His death occurred after he was brutally beaten by several boys with pieces of a railroad tie.
Police initially arrested four individuals, Silvonus Shannon, Eric Carson, Eugene Riley, and Eugene Bailey, who were charged with first-degree murder. Charges were later dropped against Bailey after further investigations.

By 2011, five individuals had been convicted of Albert's death: Shannon, Carson, Riley, Lapoleon Colbert, and a minor whose name was not publicized. The older defendants received prison terms ranging from 26 to 32 years.

==Public response==
The amateur video footage of the beating, obtained by Chicago television station WFLD, was widely broadcast in both traditional and online media.
Largely resulting from the widespread circulation of this video, the story attracted much national attention within the United States, leading President Barack Obama to send U.S. Attorney General Eric Holder and Secretary of Education Arne Duncan to Chicago to discuss youth violence with Mayor Richard M. Daley.
Secretary Duncan was also interviewed by Anderson Cooper on the cable news channel CNN regarding violence in Chicago.

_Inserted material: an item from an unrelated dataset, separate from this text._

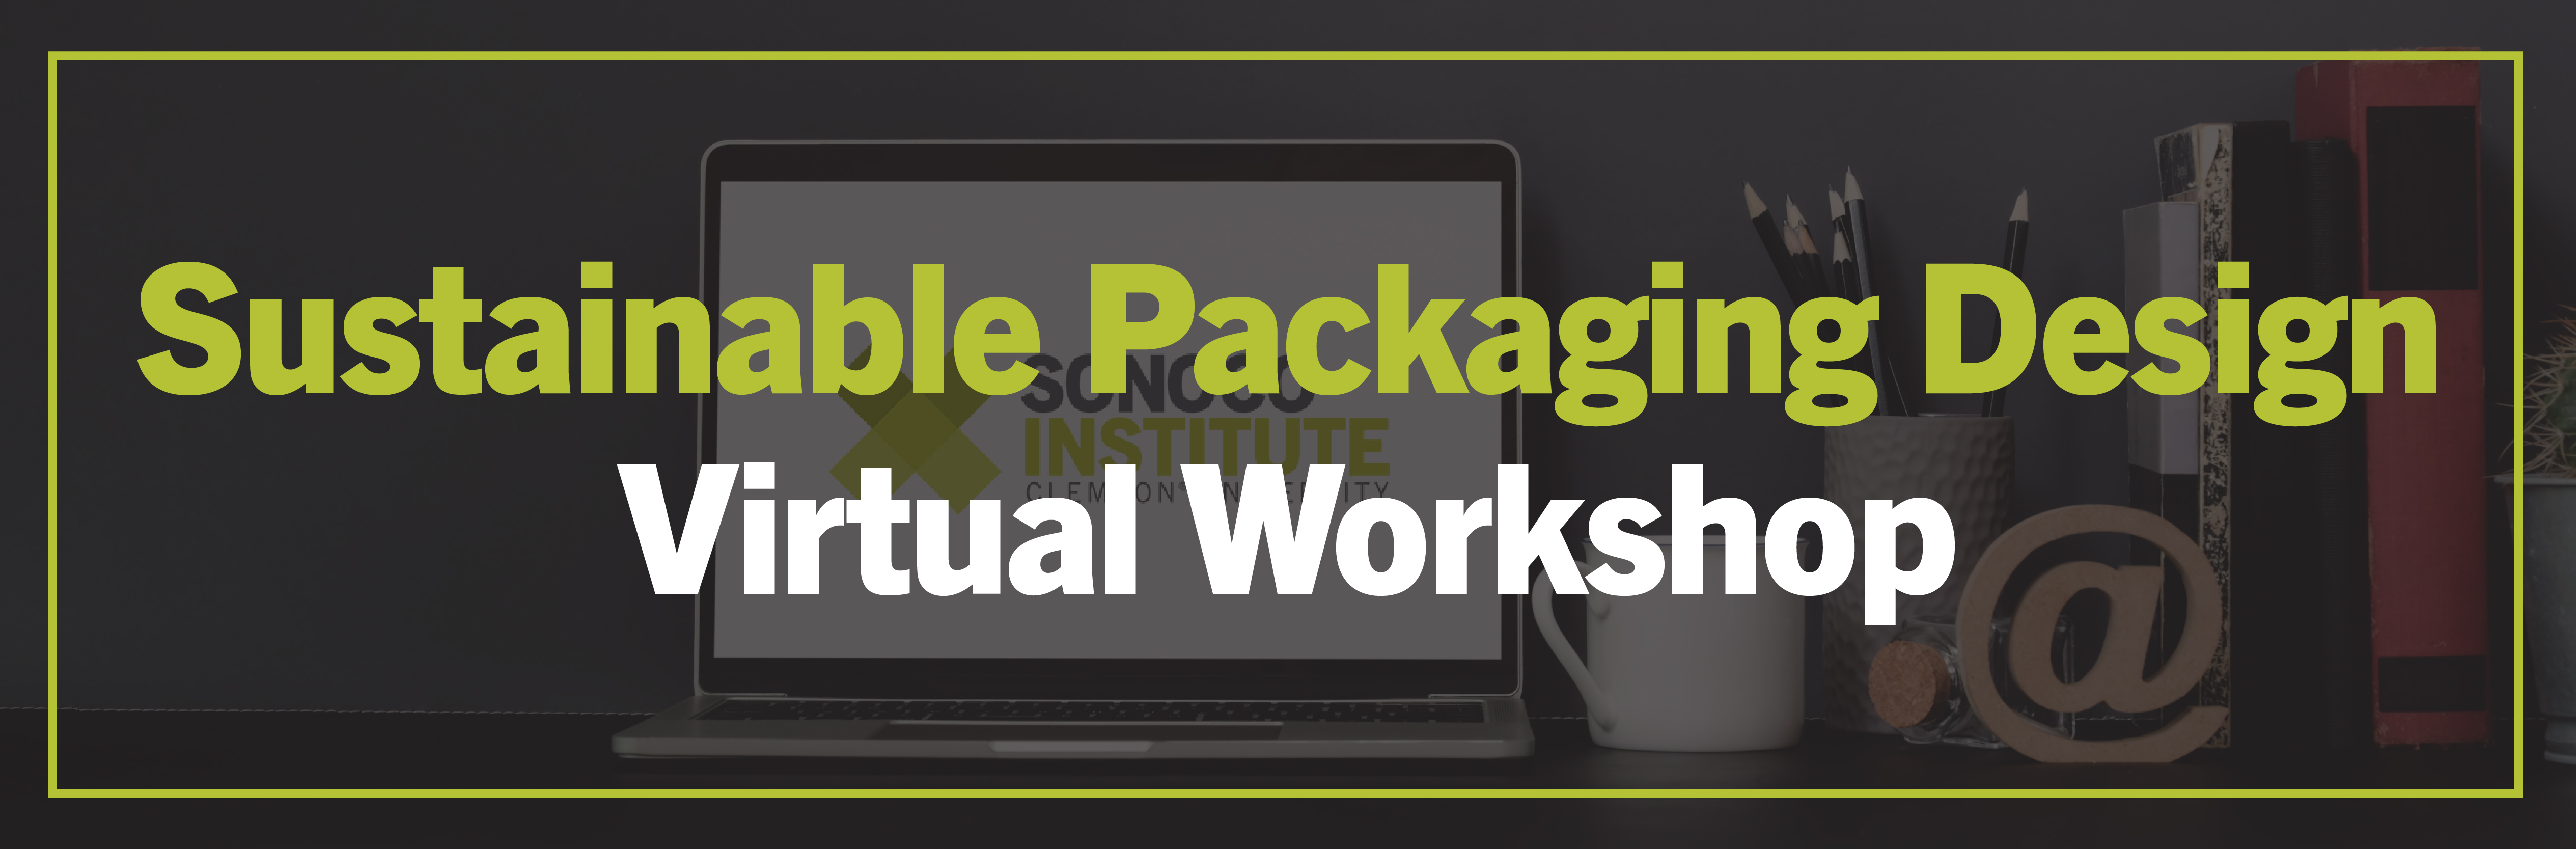 Sustainable Packaging Design Virtual Workshop
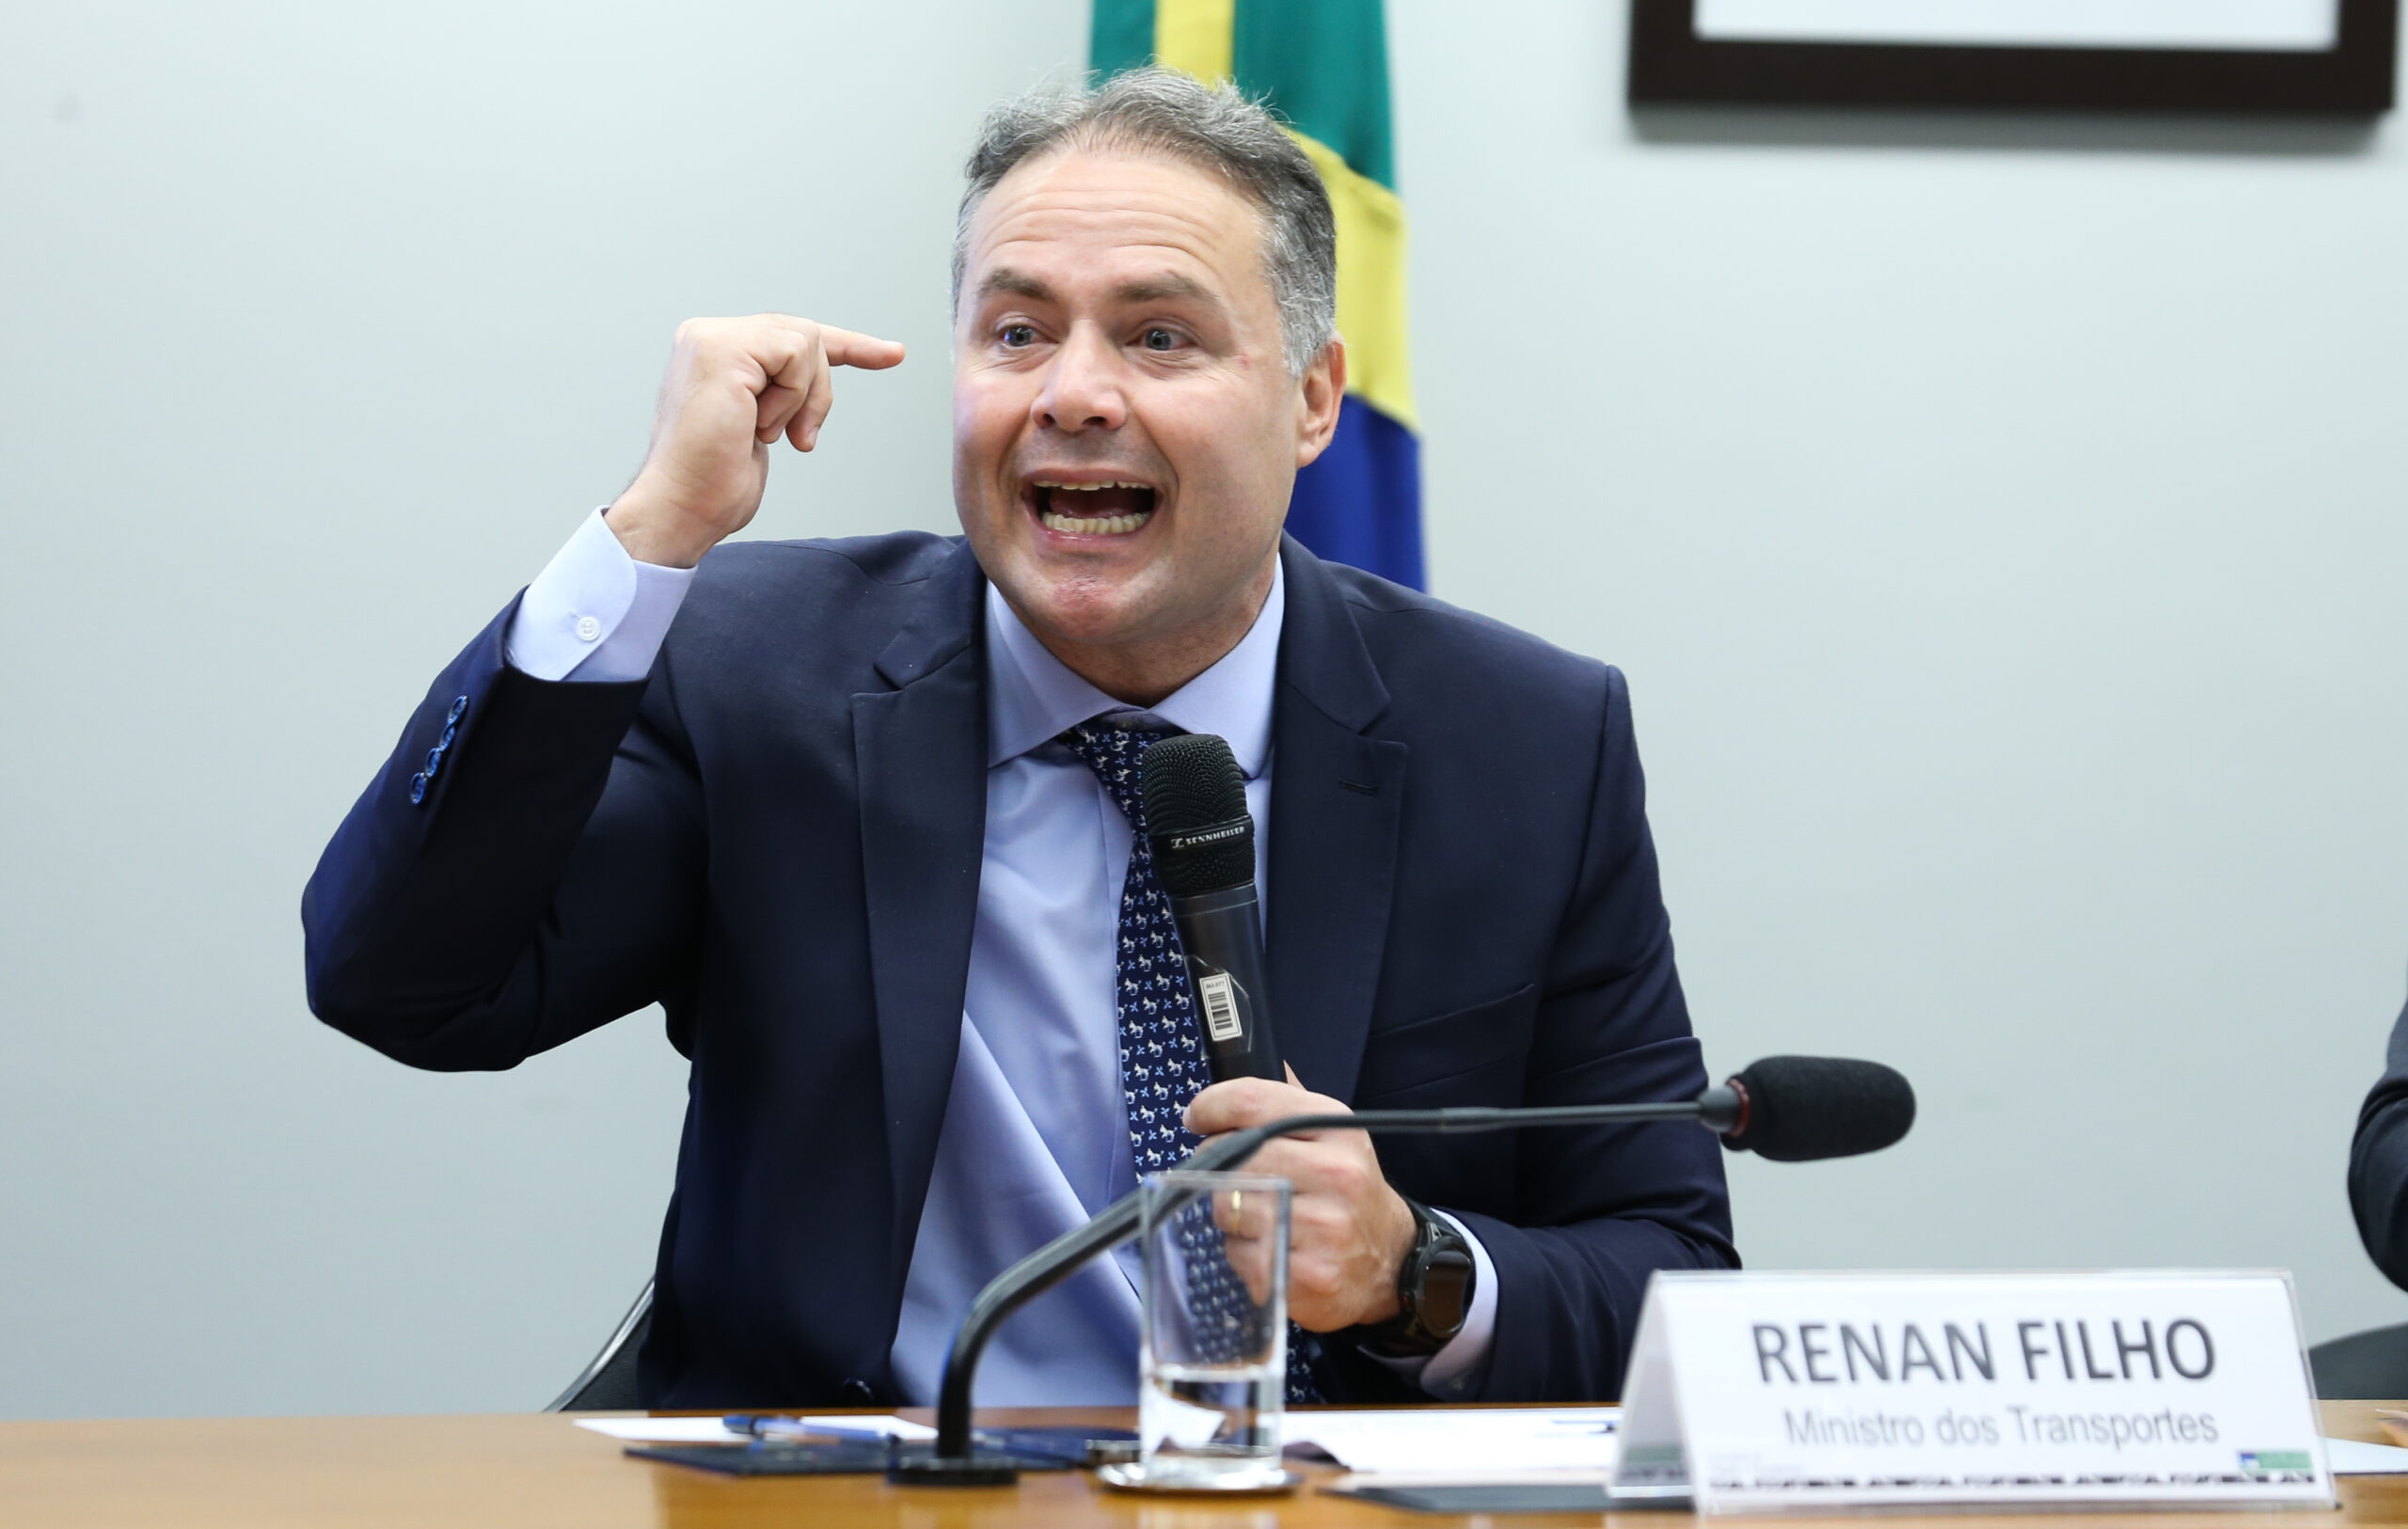 Renan Filho recebe R$ 4,2 milhões em indenização da Braskem

The murder and its subsequent coverage form an important part of the 2011 Steve James documentary The Interrupters, which profiles the work of the antiviolence organization CeaseFire. Rapper Nas also wrote an open letter to the Chicago youth. The letter can be found on Rap Genius. The murder also inspired a 2014 short film--written, directed and executive produced by first-time film director Derrick Sanders--called Perfect Day. The film starred a young Daniel Kyri (Chicago Fire TV series) as a Derrion composite called Desmond, and was co-produced by Jessica Estelle Huggins, and co-executive produced by Chadwick Boseman. The film was dedicated to Derrion's memory.